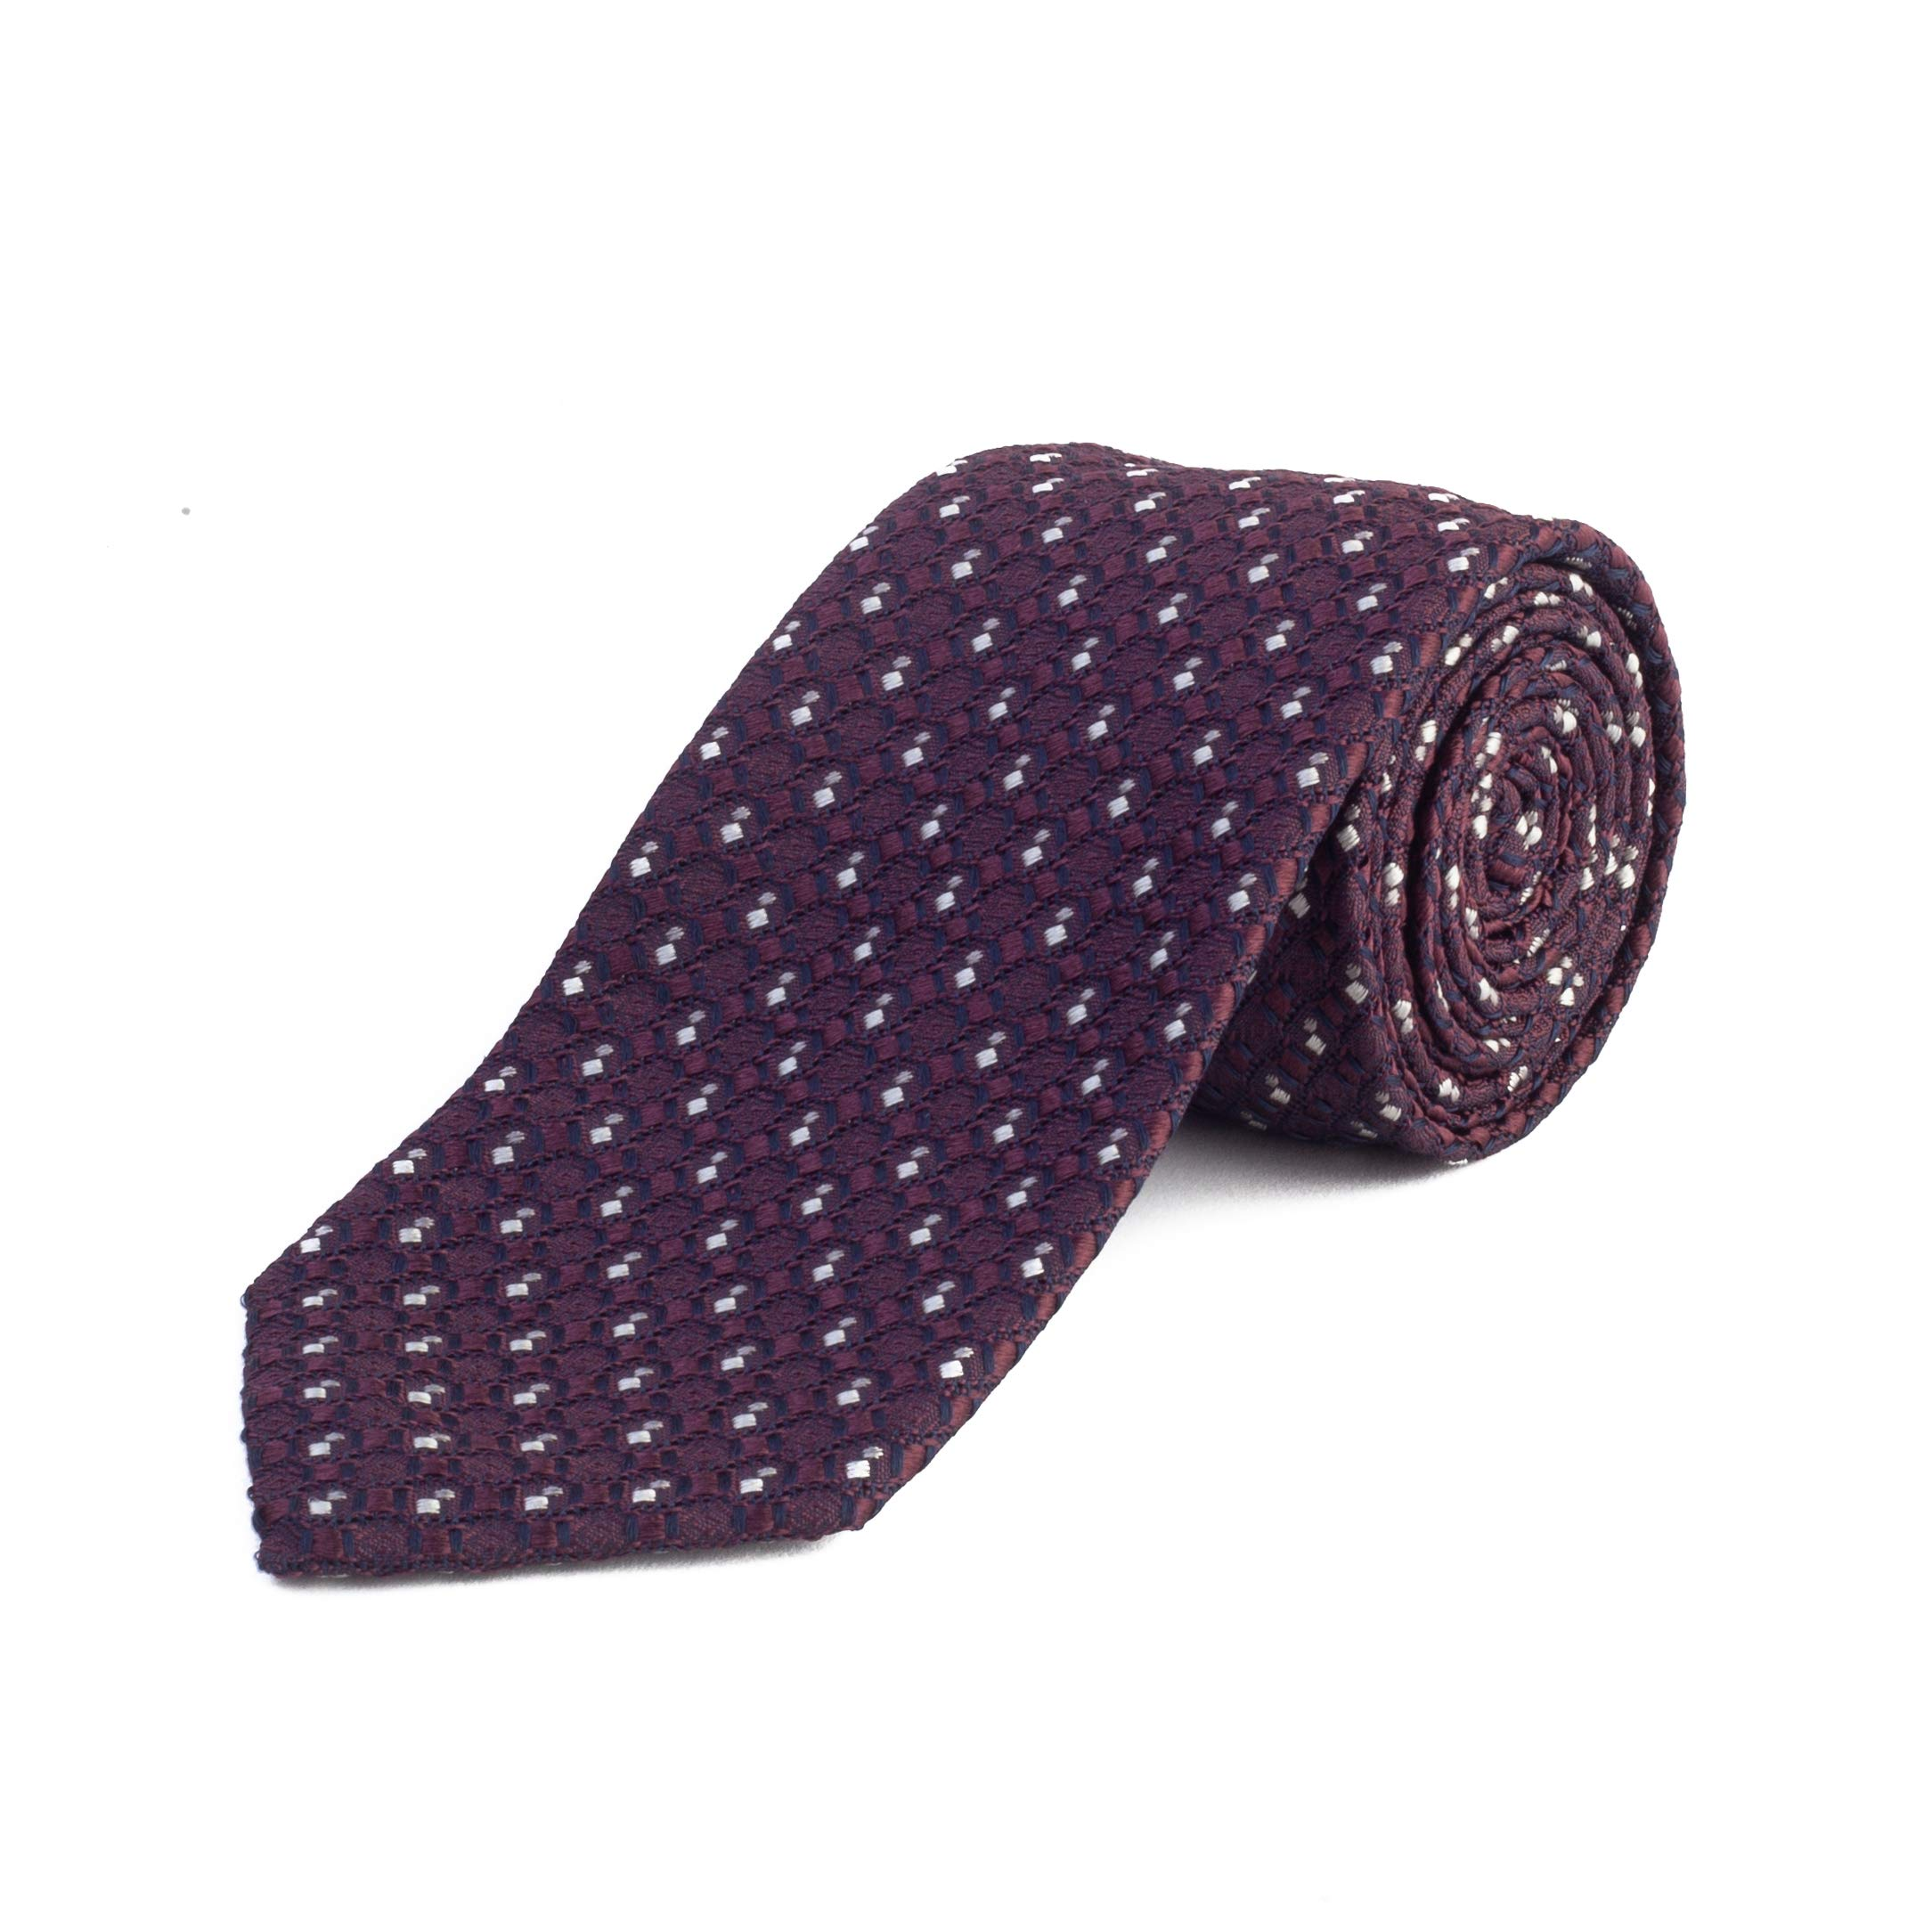 Ermenegildo Zegna Men's Silk Textured Patteren Tie Purple
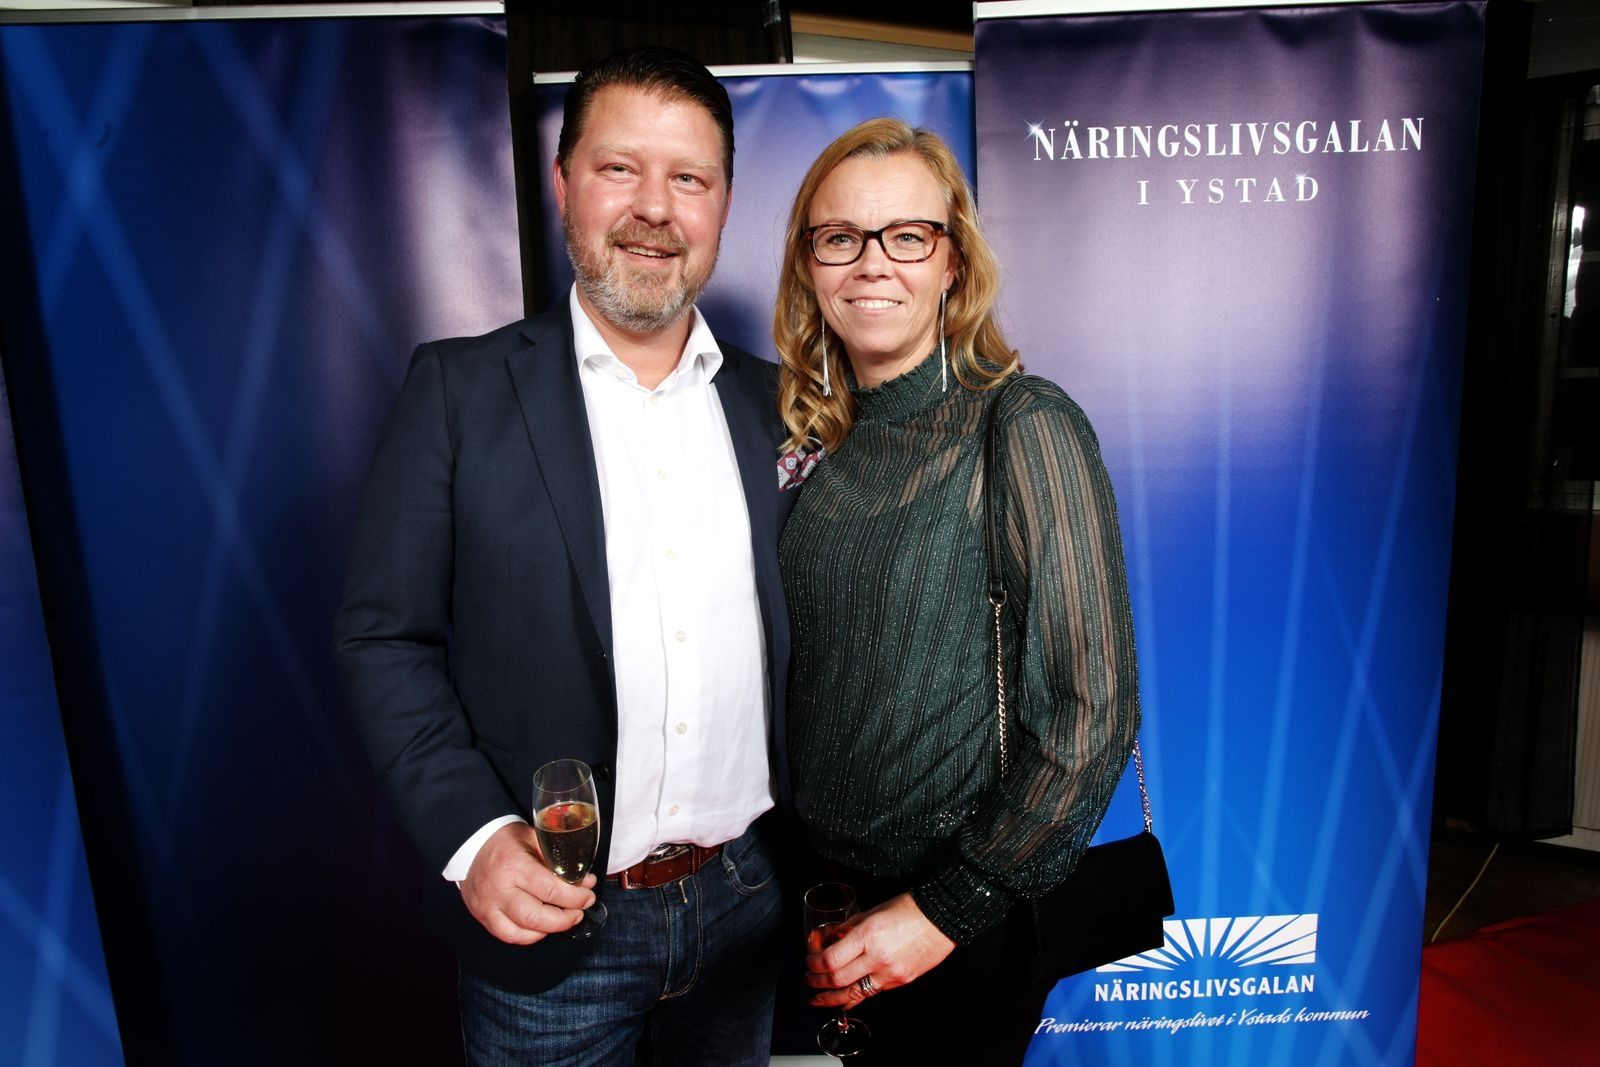 Mattias Forsman och Susanna Thuresson, Sparbanken syd
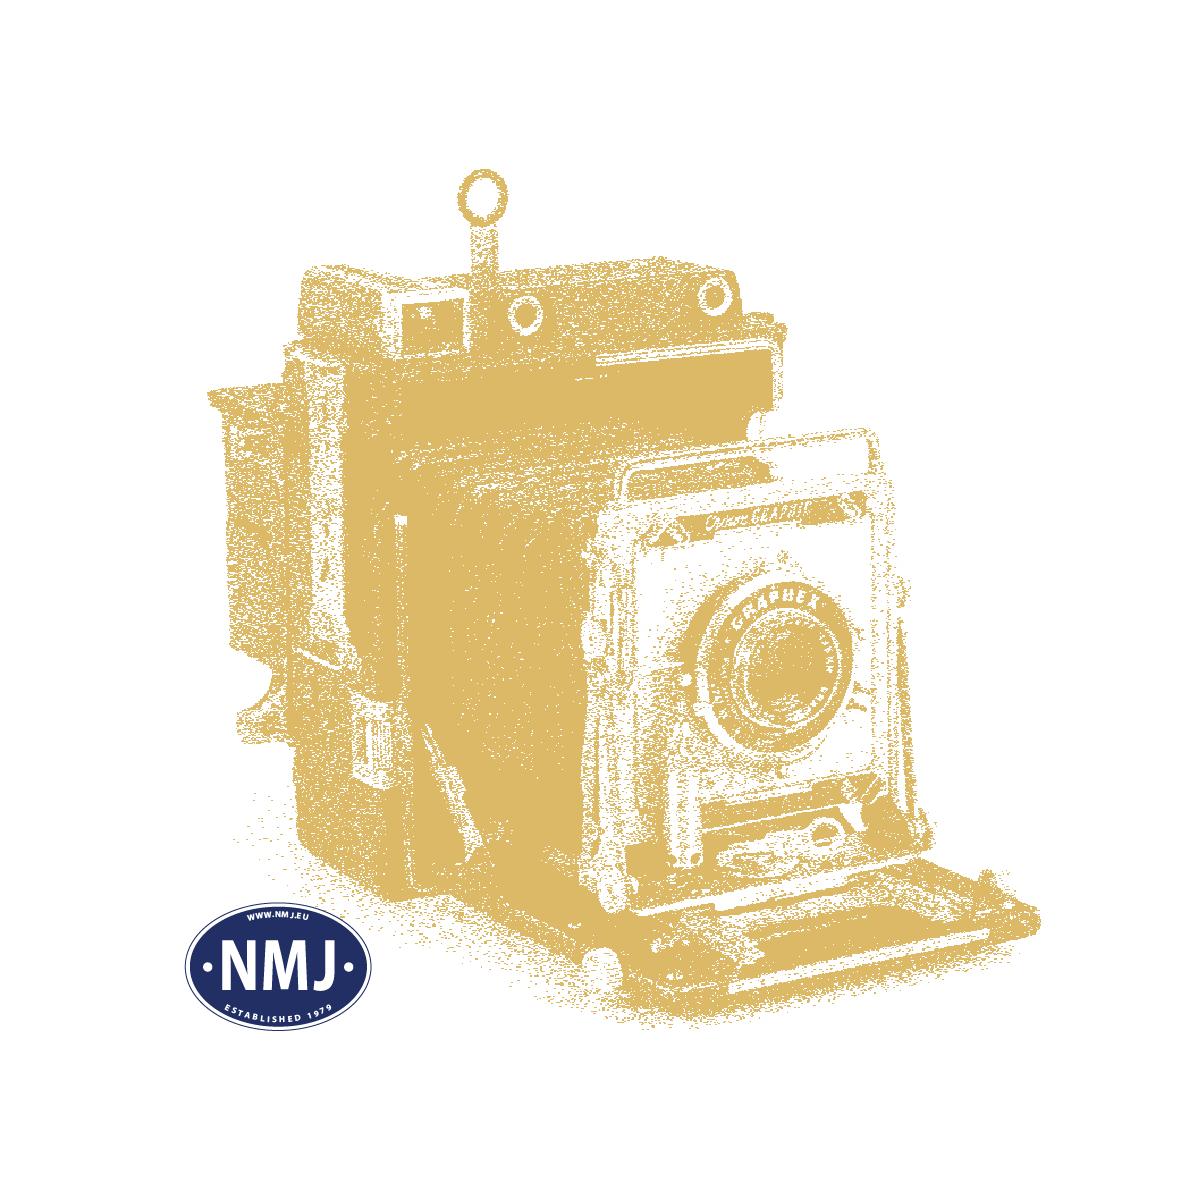 NMJK220919 - Basic Airbrushkurs 22/09-2019
----
## Task brief
Your response must reproduce the listing above word for word and must contain none of its pictures.

## Response box
 Ermenegildo Zegna Men's Silk Textured Patteren Tie Purple
 Mattias Forsman och Susanna Thuresson, Sparbanken syd
 NMJK220919 - Basic Airbrushkurs 22/09-2019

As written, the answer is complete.